Learning objectives
- Define the state-value function \(V^\pi(s)\) as the expected return from state \(s\) under policy \(\pi\).
- Write and solve the Bellman expectation equation for a small MDP.
- Use matrix form (linear system) when the MDP is finite.
Concept and real-world RL
The state-value function \(V^\pi(s)\) is the expected (discounted) return starting from state \(s\) and following policy \(\pi\). It answers: “How good is it to be in this state if I follow this policy?” In games, \(V(s)\) is like the expected outcome from a board position; in navigation, it is the expected cumulative reward from a location. The Bellman expectation equation expresses \(V^\pi\) in terms of immediate reward and the value of the next state; for finite MDPs it becomes a linear system \(V = r + \gamma P V\) that we can solve by matrix inversion or iteration.
Illustration (state values): For the Chapter 3 two-state MDP under a random policy, solving the Bellman equation yields \(V^\pi(A)\) and \(V^\pi(B)\). The chart below shows example values for the two states.
Exercise: For the MDP in Chapter 3, compute the state-value function \(V^\pi\) for a random policy (\(\pi(a|s)=0.5\)) by solving the Bellman equation system manually (or via matrix inversion). Assume \(\gamma = 0.9\).
Professor’s hints
- First write the Bellman equation for each state: \(V^\pi(s) = \sum_a \pi(a|s) \sum_{s’,r} P(s’,r|s,a)[r + \gamma V^\pi(s’)]\). For the two-state MDP, you get two equations in two unknowns \(V(A)\) and \(V(B)\).
- Under a random policy, each action has probability 0.5. From state A you have two actions (stay, go); from B, two actions (both lead to A with reward -1). Write the expected immediate reward and the expected next-state value for each state.

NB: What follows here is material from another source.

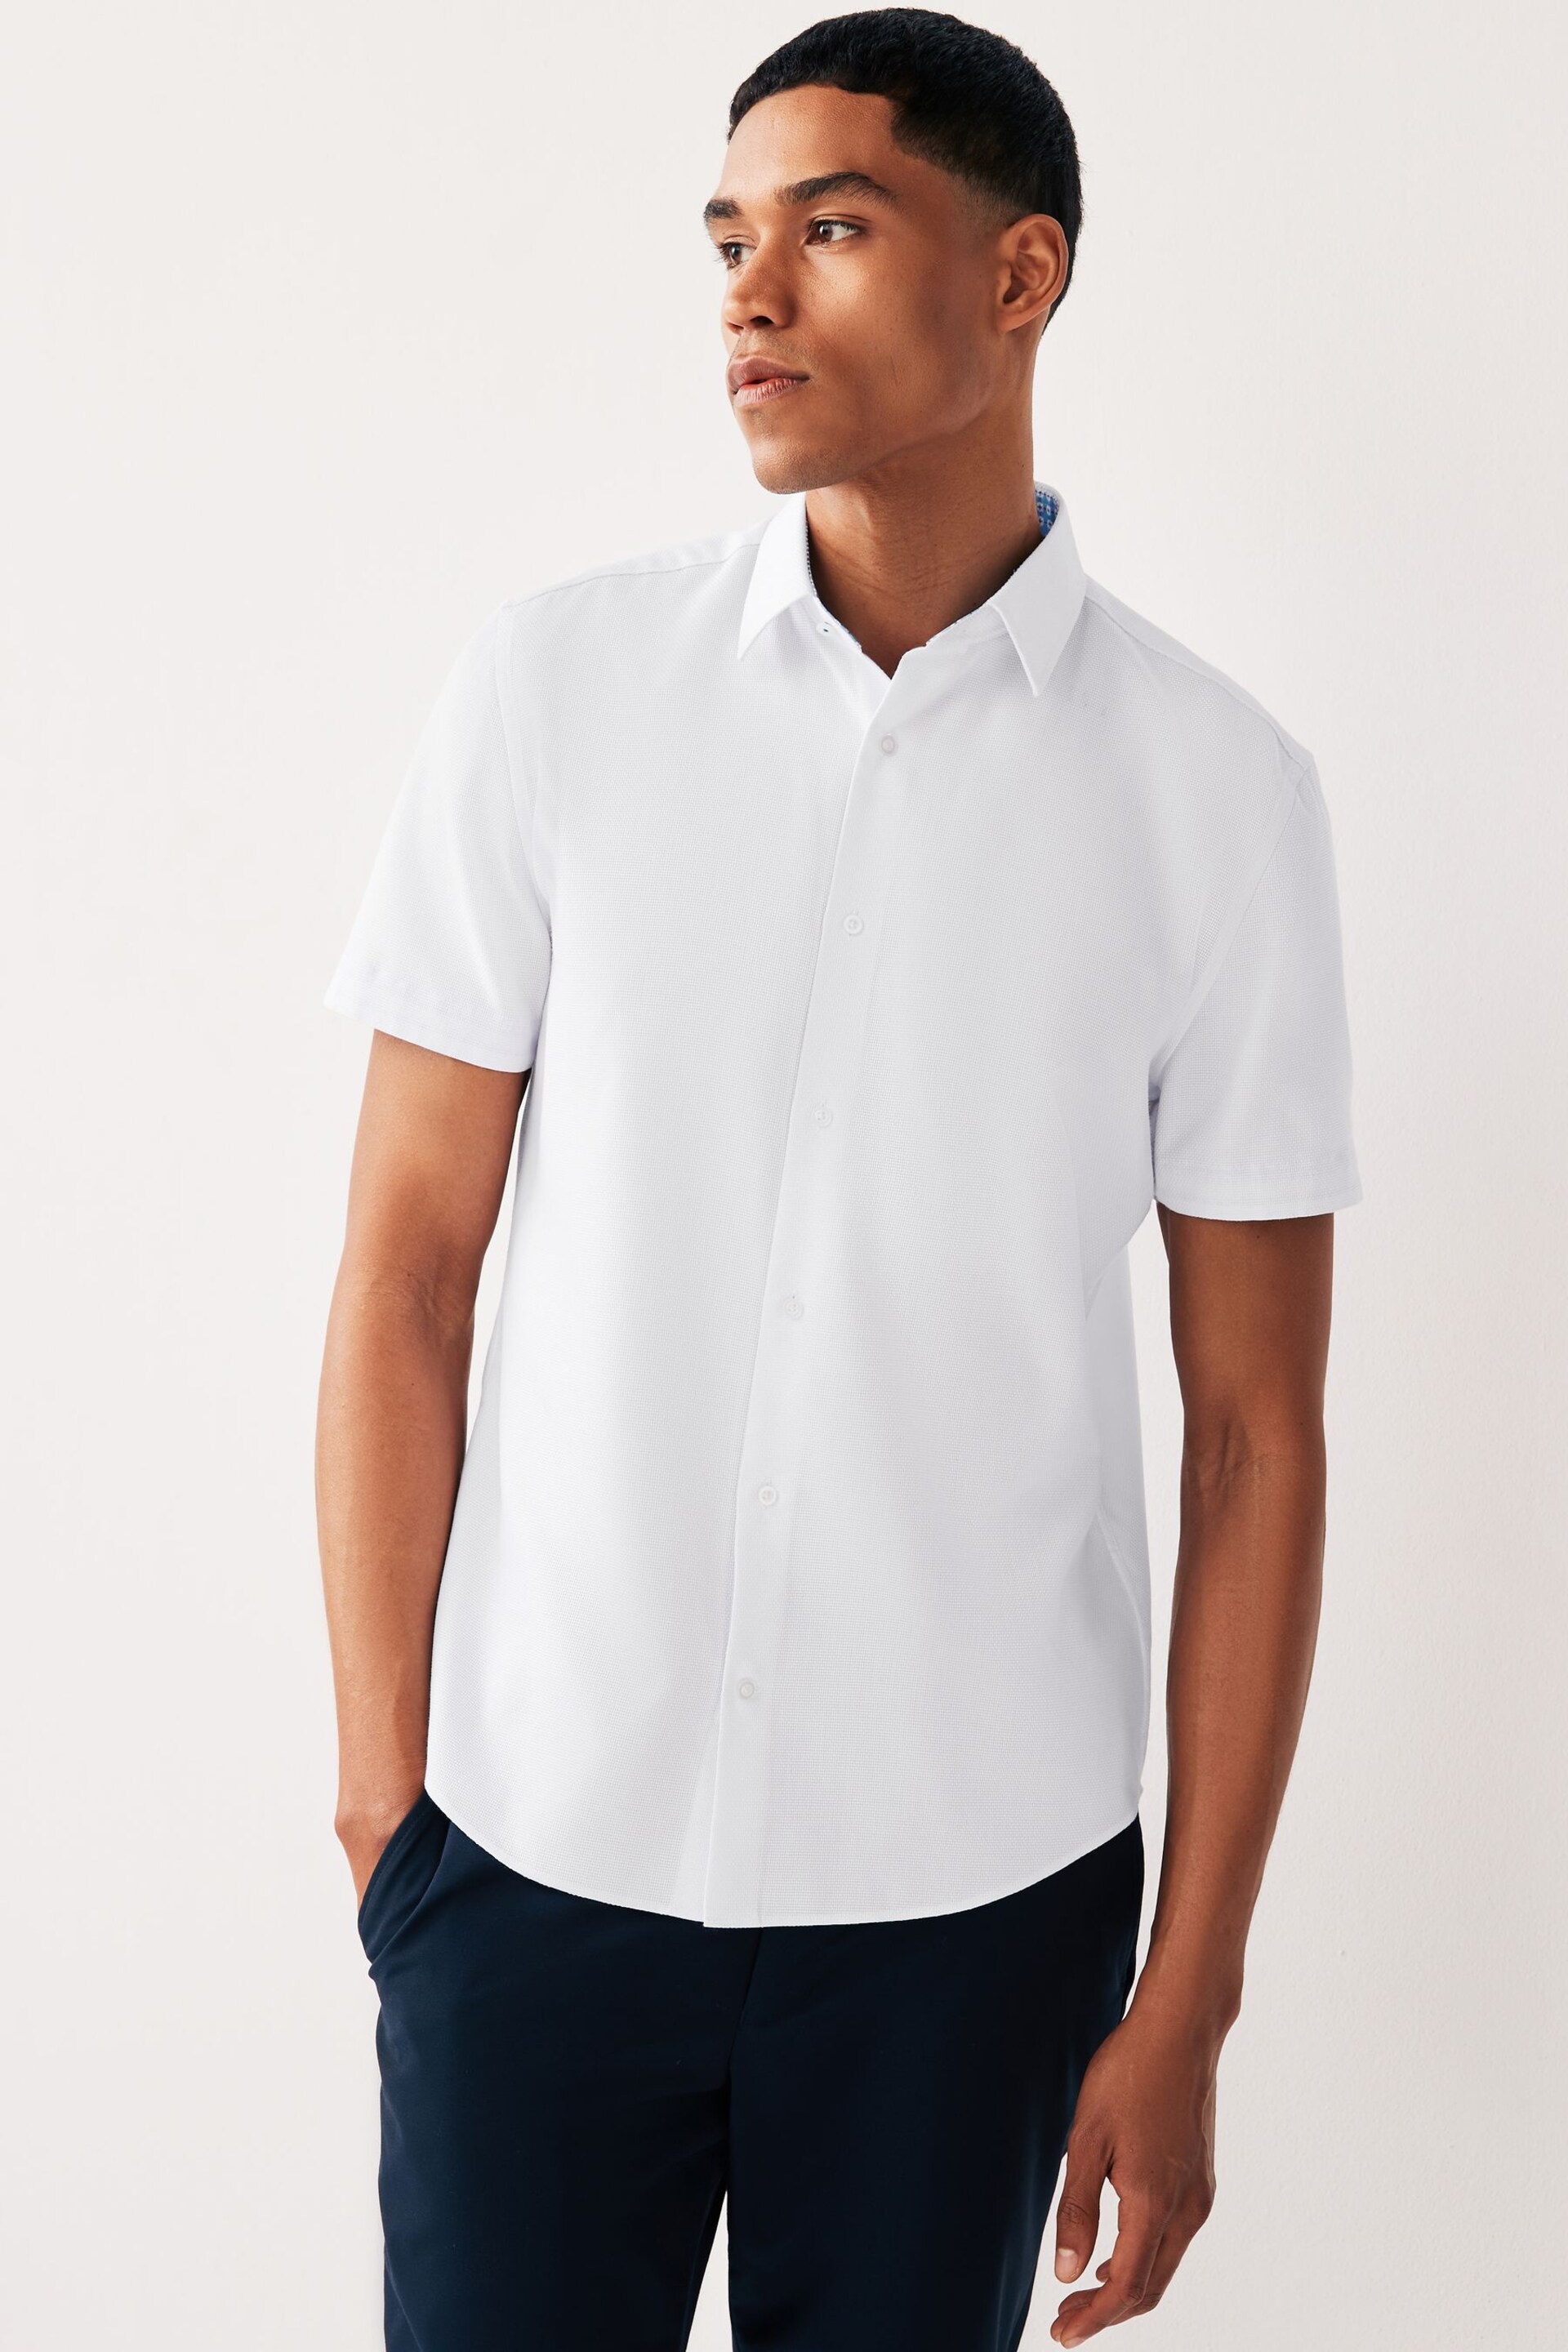 White Regular Fit Trimmed Formal Short Sleeve Shirt - Image 1 of 8

- You can solve the 2×2 linear system by hand or with
np.linalg.solve. In matrix form: \(V = r^\pi + \gamma P^\pi V\) so \((I - \gamma P^\pi) V = r^\pi\).
Common pitfalls
- Wrong sign for rewards: Rewards are part of the Bellman equation as \(r + \gamma V(s’)\). If your MDP defines “cost” as positive, use \(-r\) in the equation so that higher value means better.

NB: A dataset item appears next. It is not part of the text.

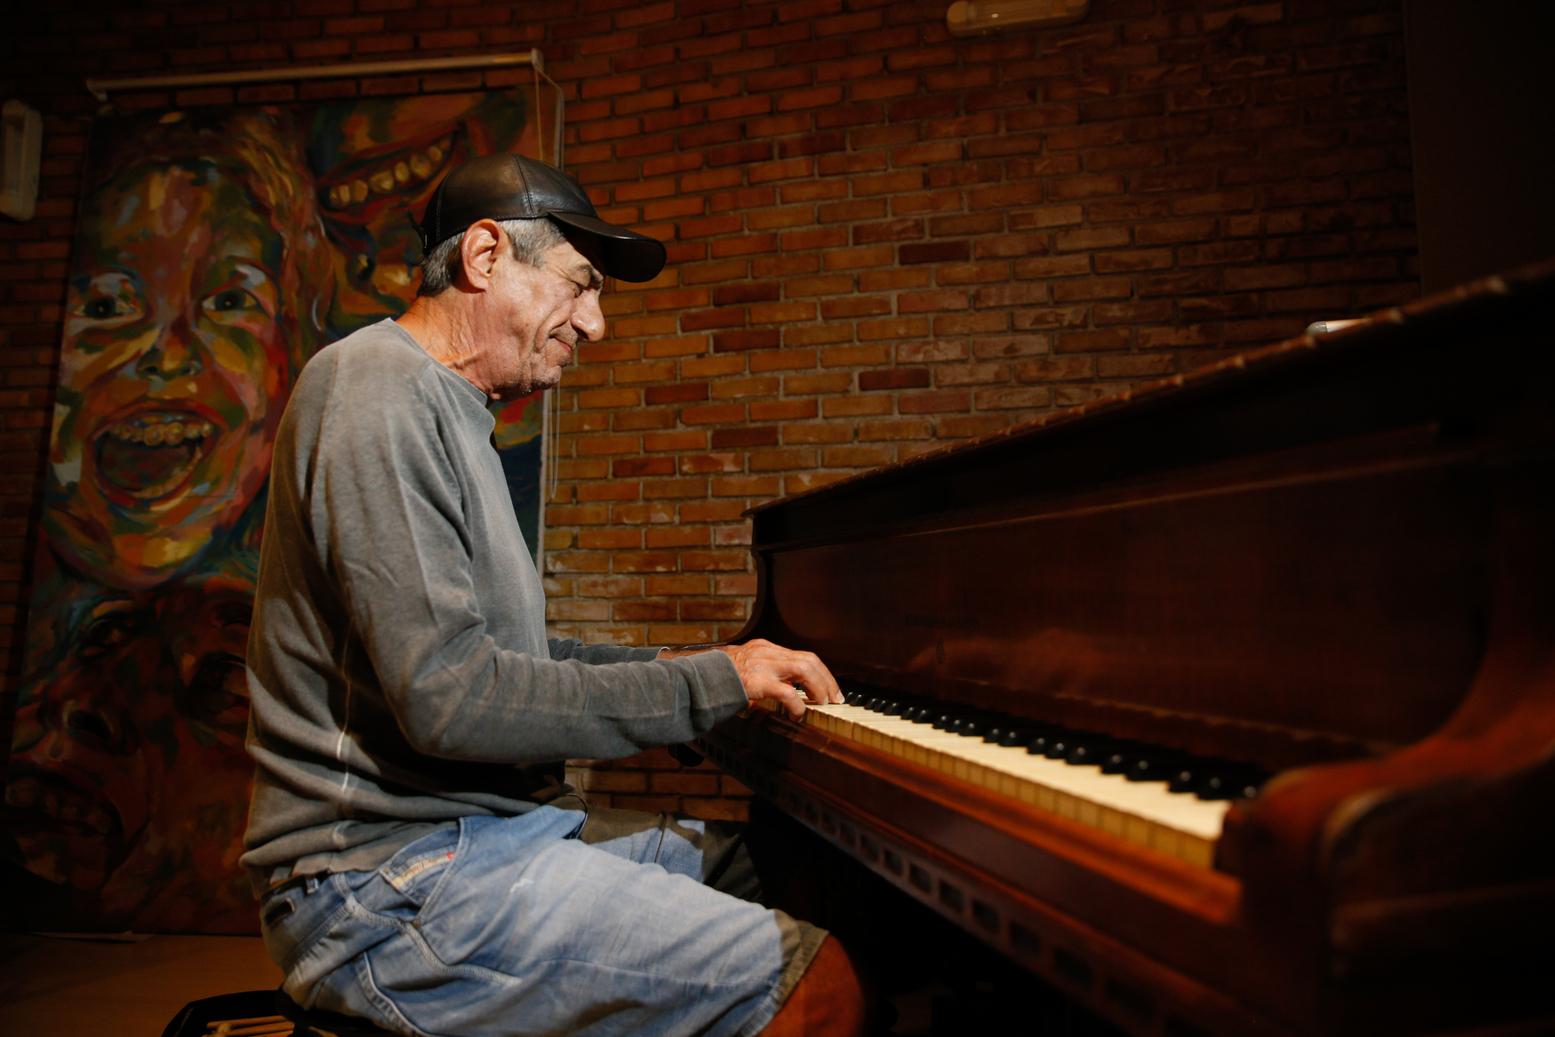 Aos 70 anos, o cantor Fagner partilha orgulhos, arrependimentos e

- Using the wrong policy: The exercise asks for the random policy (\(\pi(a|s)=0.5\) for each action). Do not use the optimal policy.
- Forgetting discount: \(V(s)\) includes \(\gamma\) in front of the next-state value. If you write \(V = r + V’\) you are effectively using \(\gamma=1\).
Warm-up: For a one-state MDP with one action that gives reward 1 and stays in the same state, write the Bellman equation and solve for \(V\). Step 1 — Bellman equation: From the only state, we get reward 1 and stay. So \(V = r + \gamma V = 1 + \gamma V\). Step 2 — Solve: \(V - \gamma V = 1\), so \(V(1 - \gamma) = 1\), hence \(V = \frac{1}{1-\gamma}\). Check: For \(\gamma = 0.9\), \(V = 10\) (infinite-horizon return \(1 + 0.9 + 0.81 + \cdots\)). The same matrix form \((I - \gamma P^\pi)V = r^\pi\) is used for the Chapter 3 two-state MDP with random policy.Worked solution (warm-up: one-state MDP)
Extra practice
- Warm-up: For a one-state MDP with one action that gives reward 1 and stays in the same state, write the Bellman equation and solve for \(V\). (Answer: \(V = 1 + \gamma V\) ⇒ \(V = 1/(1-\gamma)\).)
- Coding: In Python, encode the 2-state MDP from Chapter 3 (P, R matrices). Write a function that computes \(V^\pi\) for a given policy using the Bellman expectation equation in matrix form (solve the linear system \(V = R^\pi + \gamma P^\pi V\)).
- Challenge: Write the Bellman equation for the action-value function \(Q^\pi(s,a)\) for the Chapter 3 MDP and random policy. Express \(Q^\pi(A,\text{stay})\) and \(Q^\pi(A,\text{go})\) in terms of \(V^\pi(A)\) and \(V^\pi(B)\) (you can use your computed \(V\)).